SUMMARY: QA validation PASSED. I can confirm that the new remediate subcommand works as expected including any issues mentioned prior. I was successfully able to remediate just about any Wordpress core file, theme, plugin I could find to test -- remediate now works across the board.

VALIDATION STEPS

  1. wordfence remediate {path/file} - remediate a specific known file, such as index.php in the root of a WP install. This works without issue.
  2. Test again but with a relative path provided, no issue.
  3. Test again but point to a symlink that points to a known file, no issue.
  4. Test again but pass an entire directory, such as ./plugins/akismet/ -- all known files are remediated some expected files do not remediate like .htaccess -- this is not in the Wordpress SVN repo and so it is expected to not be restored.
  5. Test again but pass an entire Wordpress install (NOT RECOMMENDED, only infected files should be remediated and after you make a backup). This works -- all known files are remediated -- I got the contents of the WP SVN repo (file list) and ensured that all that were NOT remediated were NOT in this list. That is to say I confirmed that all expected/known files actually did get remediated. A few files such as inconsequential dotfiles in themes did NOT get remediated. This is known/expected currently and these files are at little risk of malware -- and output still indicates what does / does not get remediated. (This including some testing of files that I created and I tried remediating them - as expected the CLI mentions the file is not known and it is NOT touched.
  6. Test again but test all output options (including all --output-path and related --output* options) -- no issues. The status column is accurate.
  7. Various additional testing including but not limited to: ensure CLI help content is good and makes sense, ensure works in various supported envrionements both amd64 and arm64, test with various install methods including the new RPM (tracked separately in another issue)., and more.

NOTES:

akenion commented 8 months ago

Per discussion with @barmat the above PR adds a --output-unremediated / -u option that causes the output to only include paths that were not remediated. This can be used, for example, to delete files that cannot be restored.
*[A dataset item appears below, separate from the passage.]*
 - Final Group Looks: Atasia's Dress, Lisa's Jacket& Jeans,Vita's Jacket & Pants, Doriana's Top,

davidnuzik commented 8 months ago

v3.0.1rc7 1/16/24

I can confirm the new --output-unremediated / -u option works as expected. Human readable and --output-path (file output) both behave as expected only including any files that are not remediated.
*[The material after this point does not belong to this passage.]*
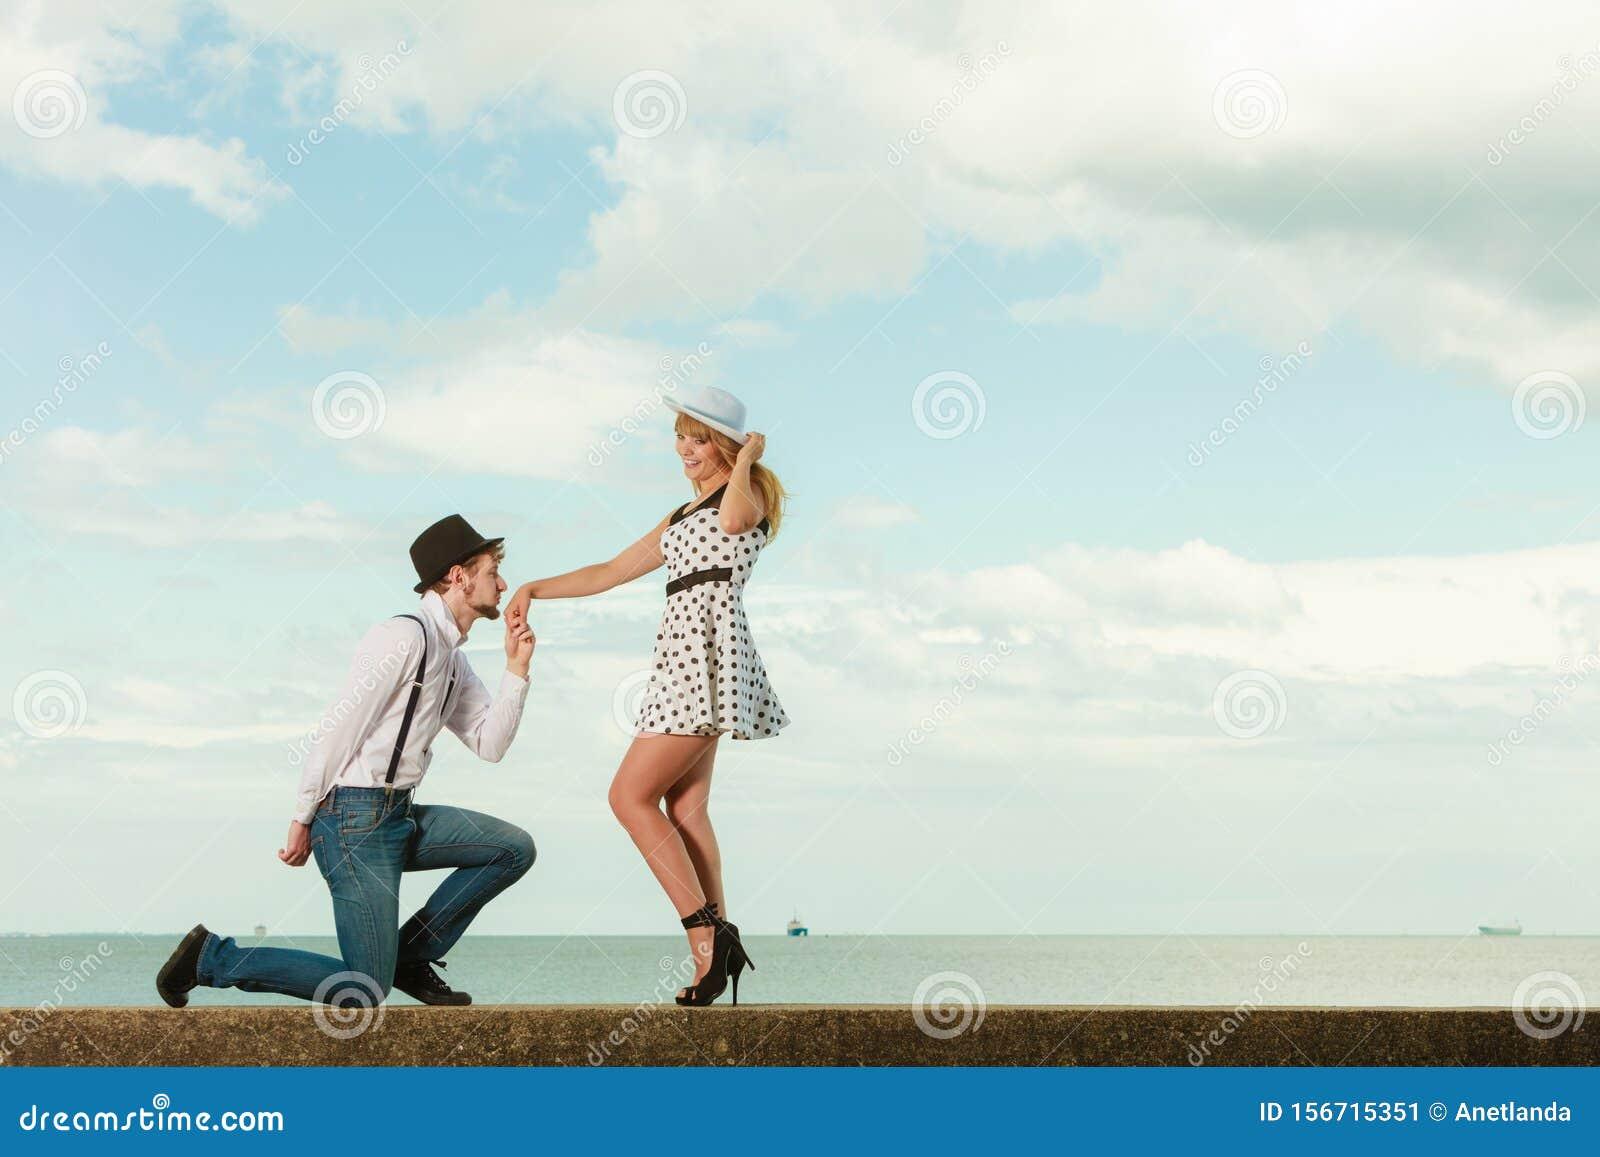 Retro dating

I also executed some smoke tests related to my prior comment to ensure remediate still behaves as expected and found no issues.

ewodrich commented 8 months ago

Reopening for --output-unremediated counts are only showing the number of unsuccessful files are being counted rather than the complete remediated and unremediated counts. ex. wordfence remediate -u akismet results in 0 of 1 file(s) were successfully remediated, 1 file(s) could not be remediated

akenion commented 8 months ago

The remediate command needs an --allow-io-errors flag that will behave in the same manner as vuln-scan and count-sites.

akenion commented 8 months ago

Thinking through this further, there doesn't appear to be a use case for having the flag for the remediate command. We just need it to always behave the way vuln-scan and count-sites do with --allow-io-errors enabled.